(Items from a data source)
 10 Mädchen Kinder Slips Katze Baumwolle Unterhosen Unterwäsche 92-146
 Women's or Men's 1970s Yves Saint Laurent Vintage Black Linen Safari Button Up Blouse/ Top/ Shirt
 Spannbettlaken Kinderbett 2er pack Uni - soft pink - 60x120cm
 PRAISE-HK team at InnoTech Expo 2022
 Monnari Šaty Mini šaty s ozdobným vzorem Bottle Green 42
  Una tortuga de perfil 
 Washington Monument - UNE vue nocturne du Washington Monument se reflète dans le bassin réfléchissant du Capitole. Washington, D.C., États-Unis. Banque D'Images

● YOUR TASK: Line by line, copy the data above exactly as it reads.

● RESULT OF THIS TASK:
 10 Mädchen Kinder Slips Katze Baumwolle Unterhosen Unterwäsche 92-146
 Women's or Men's 1970s Yves Saint Laurent Vintage Black Linen Safari Button Up Blouse/ Top/ Shirt
 Spannbettlaken Kinderbett 2er pack Uni - soft pink - 60x120cm
 PRAISE-HK team at InnoTech Expo 2022
 Monnari Šaty Mini šaty s ozdobným vzorem Bottle Green 42
  Una tortuga de perfil 
 Washington Monument - UNE vue nocturne du Washington Monument se reflète dans le bassin réfléchissant du Capitole. Washington, D.C., États-Unis. Banque D'Images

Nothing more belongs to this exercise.